Cinnamon-Swirl Frosting

  • 1 cup 16 tablespoons; 226g unsalted butter, softened to room temperature
  • 3 –4 cups 360–480g confectioners’ sugar
  • 1/4 cup 60ml heavy cream, at room temperature
  • 2 teaspoons pure vanilla extract
  • Salt to taste
  • 1 tablespoon ground cinnamon
  • Optional for garnish: 12 cinnamon sticks or 12 mini snickerdoodles*

Instructions
 

  • Make the cupcakes: Preheat the oven to 350°F (177°C). Line a 12-cup muffin pan with cupcake liners.
  • In a large bowl, whisk together the flour, baking powder, baking soda, and salt. Set aside. In a medium bowl, whisk together the melted butter and 1 cup (200g) of sugar. The mixture will be gritty. Then, whisk in the egg, sour cream, milk, and vanilla extract until everything is combined.
  • Pour the wet ingredients into the dry ingredients and whisk until the batter is fully combined.
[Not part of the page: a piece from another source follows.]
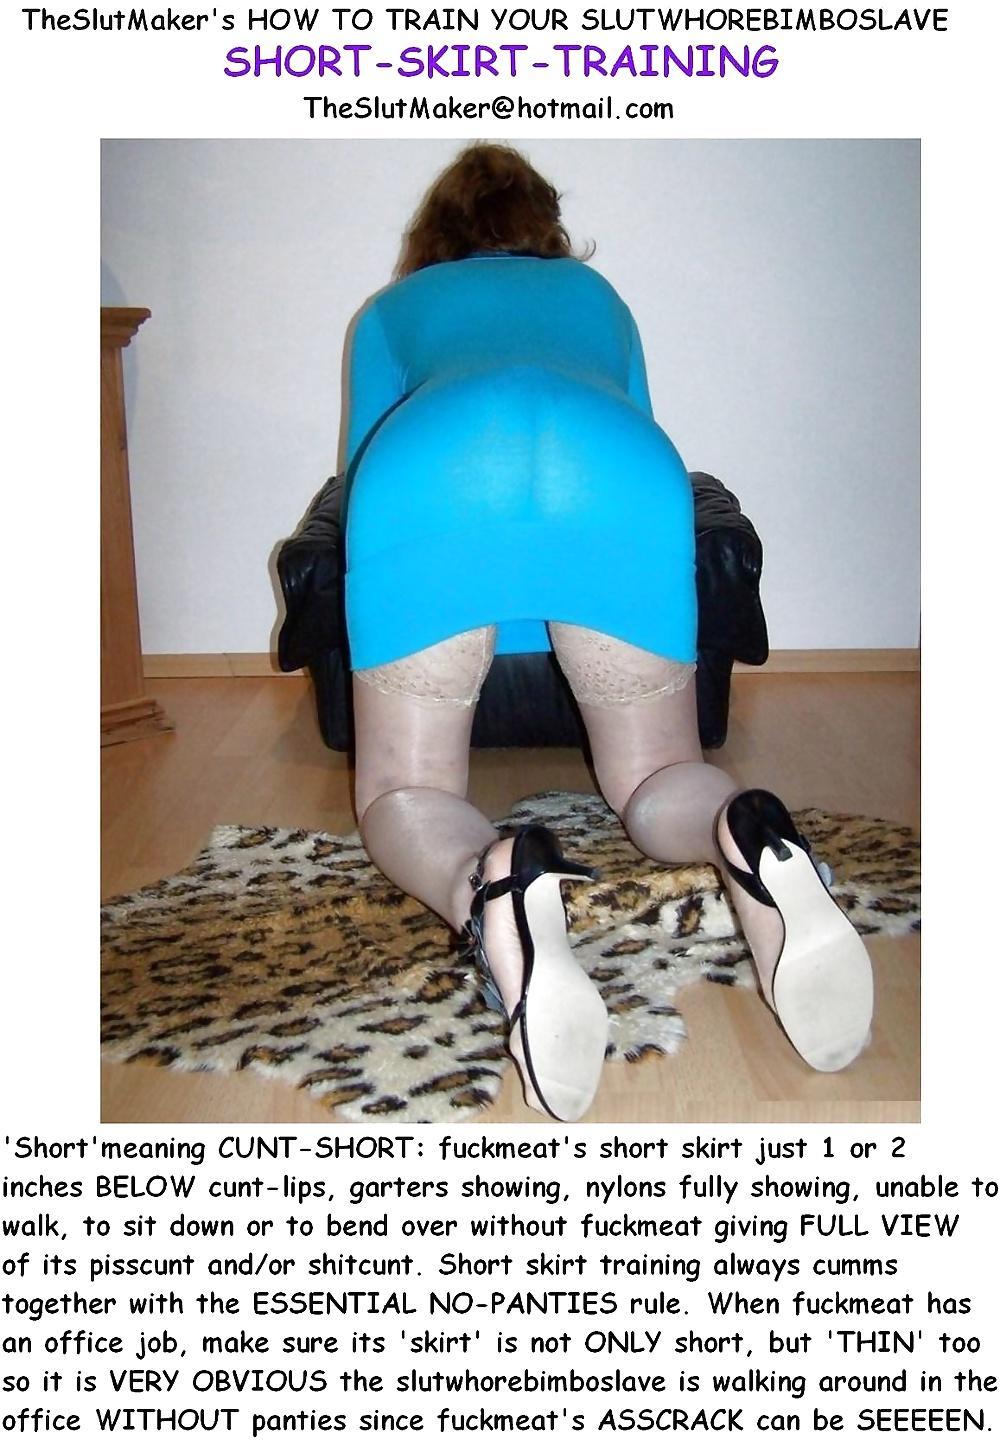 Hot secretary short skirt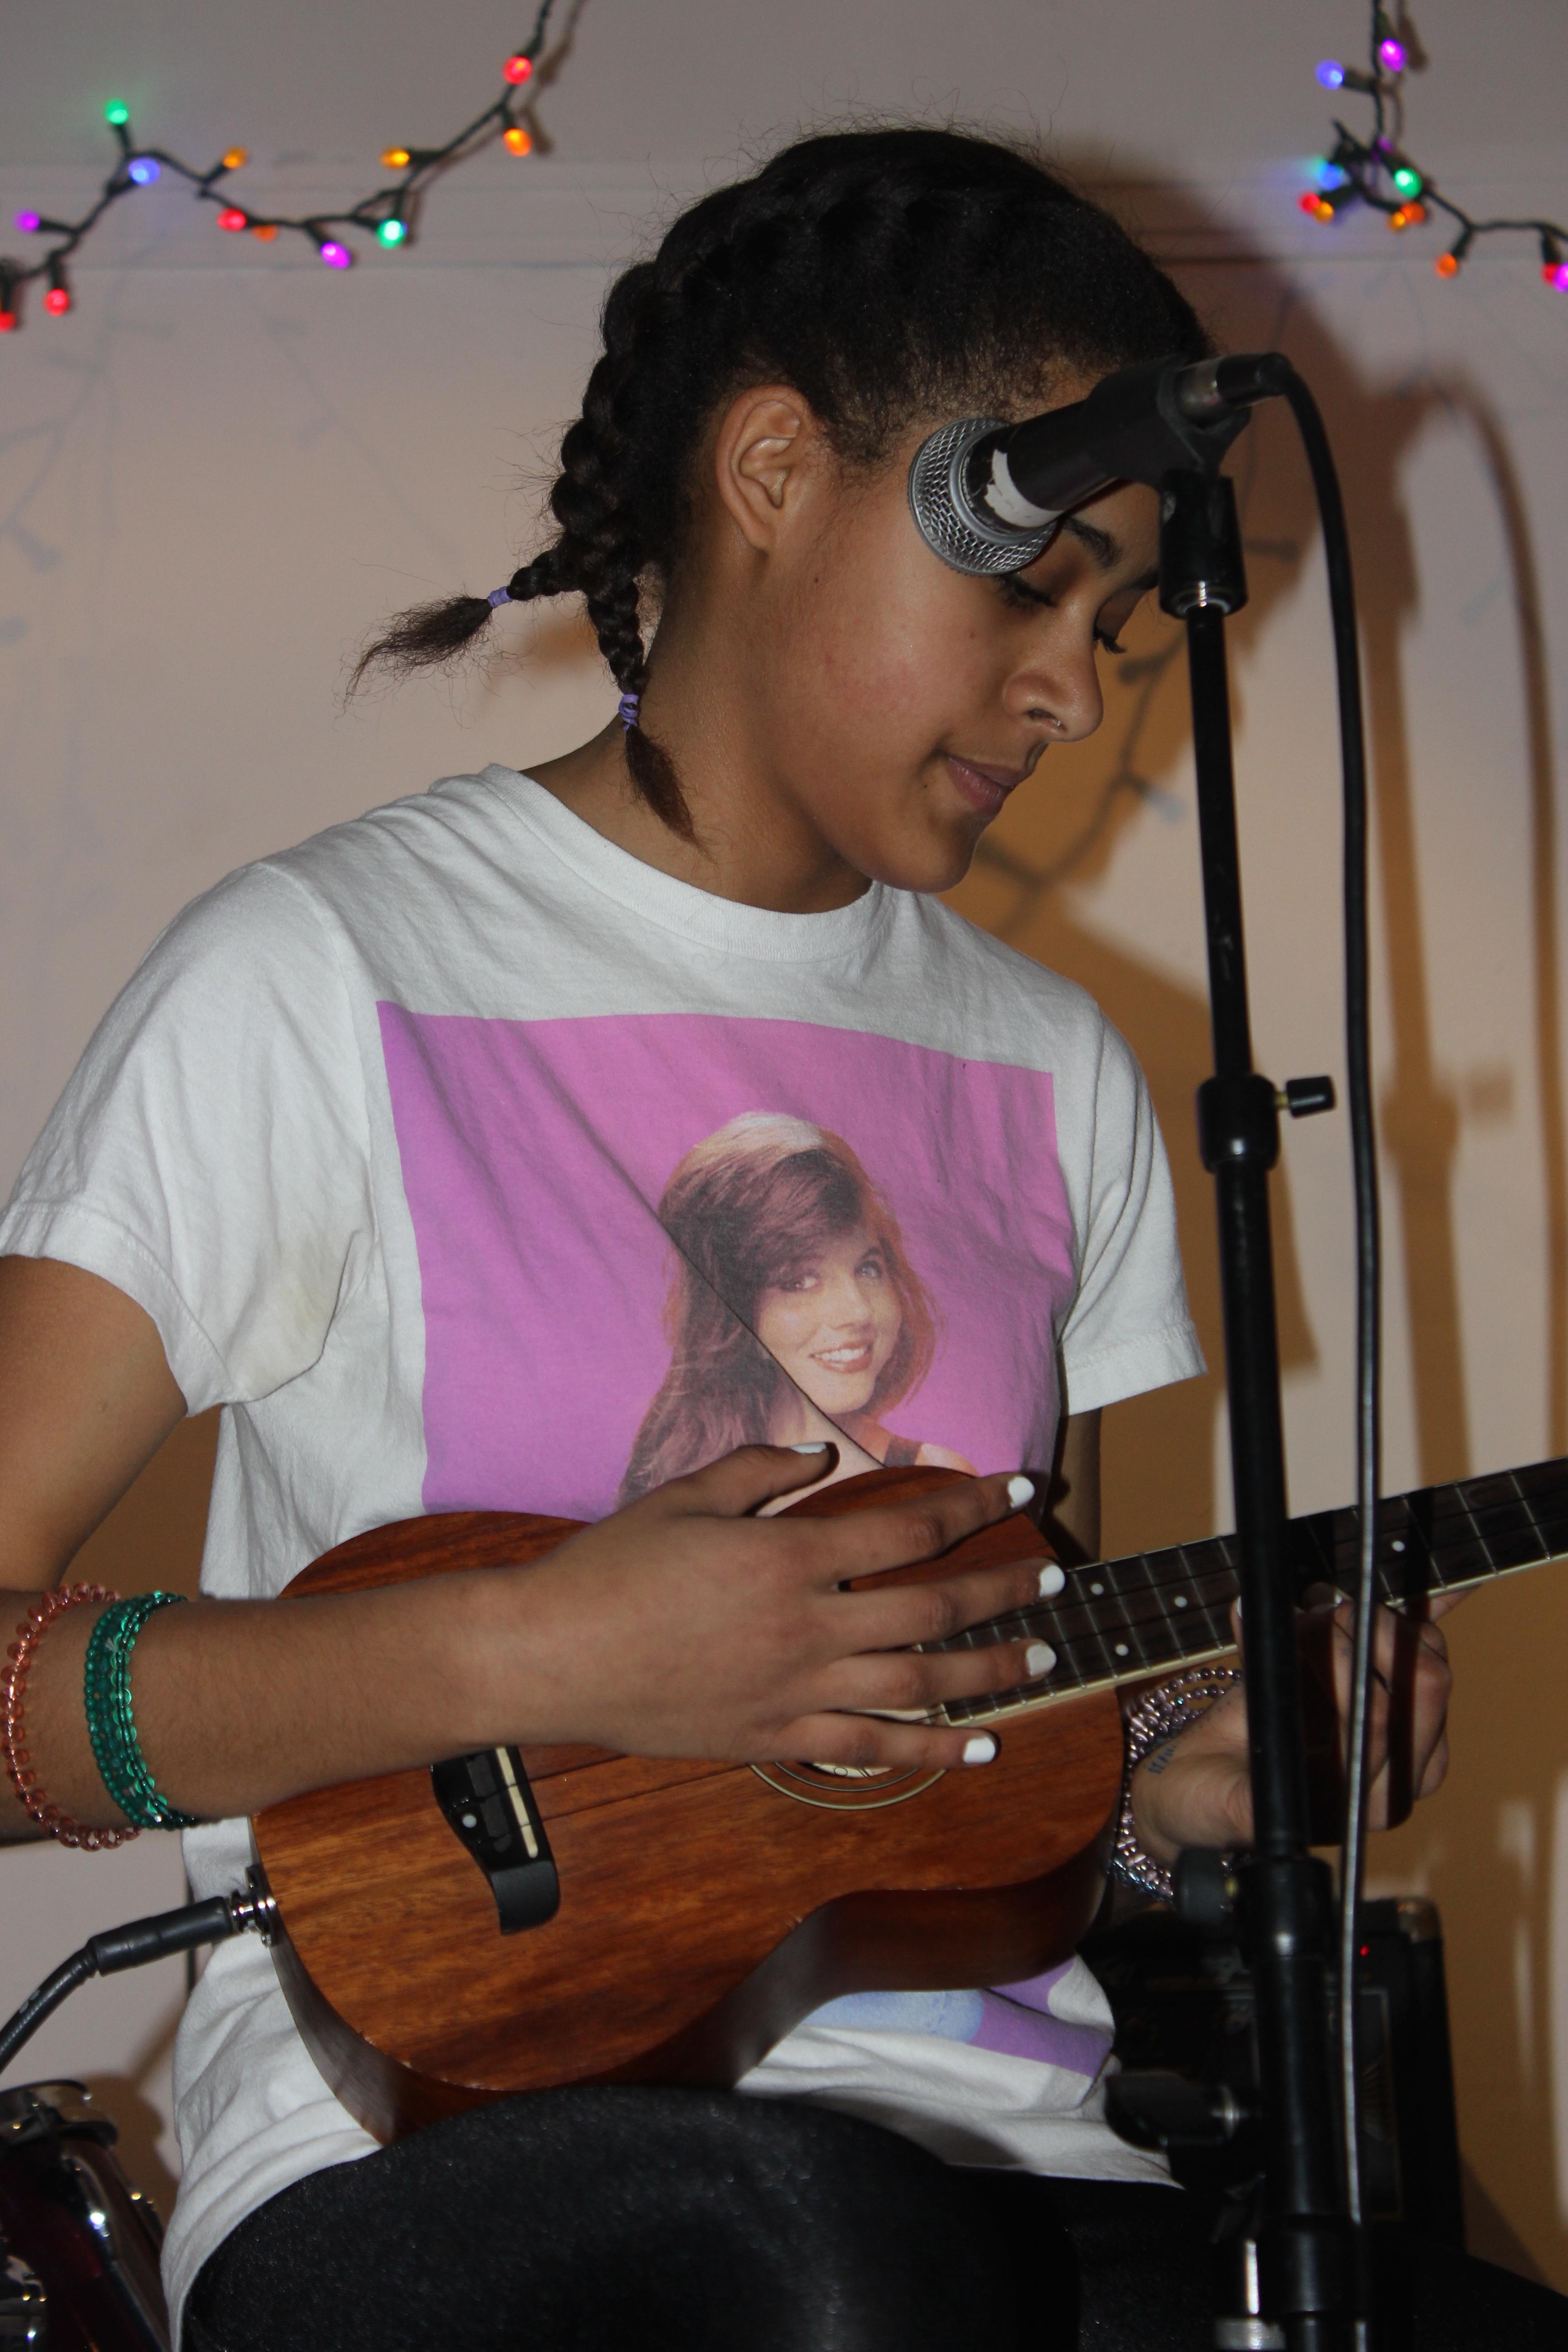 Safiya Sirota

The batter should be creamy and mostly smooth; a few small lumps are fine.
  • In a small bowl, mix the remaining 1/3 cup of sugar and 2 teaspoons of cinnamon. Set aside.
  • Assemble the cupcakes: Spoon 2 scant tablespoons of cupcake batter into each cupcake liner. Then, sprinkle 1 teaspoon of the cinnamon-sugar mixture on top. Add 1 heaping tablespoon of cupcake batter, filling the liners about 3/4 full. It’s okay if some of the cinnamon-sugar from the center layer peeks through the top layer of batter. Top each cupcake with 1/4 teaspoon of cinnamon-sugar. Swirl gently with a toothpick.
  • Bake for 20–22 minutes, or until a toothpick inserted into the center comes out clean. Remove the cupcakes from the oven and let them cool in the pan for 10 minutes. Then, transfer them to a wire rack to cool completely. Shake off any excess cinnamon-sugar that hasn’t stuck to the tops, as this will prevent the frosting from adhering to the cupcakes.
  • Make the frosting: Using a handheld or stand mixer with a paddle or whisk attachment, beat the butter on high speed until smooth and creamy, about 1 minute. Add the confectioners’ sugar, heavy cream, and vanilla extract. Beat on low speed for 30 seconds, then switch to high speed and beat for 3 minutes. If the frosting seems too thin or greasy, add more confectioners’ sugar. If it’s too stiff, add more cream. Taste, and add salt if the frosting is too sweet (about 1/8 teaspoon is recommended).
  • Remove half of the frosting from the mixing bowl and transfer it to another bowl, or directly into your piping bag. Beat 1 tablespoon of cinnamon into the remaining frosting in the mixing bowl.
  • Assemble and decorate the cupcakes: Spoon half of the cinnamon frosting into a piping bag and the other half of the vanilla frosting into another piping bag. (See above for a visual guide.) Pipe the frosting onto the cupcakes. I used a Wilton 1M piping tip.
  • If desired, garnish the cupcakes with cinnamon sticks or mini snickerdoodle cookies.
  • Cover and store leftover cupcakes at room temperature for up to 1 day, or in the refrigerator for up to 5 days. A cupcake carrier is recommended for storing and transporting decorated cupcakes.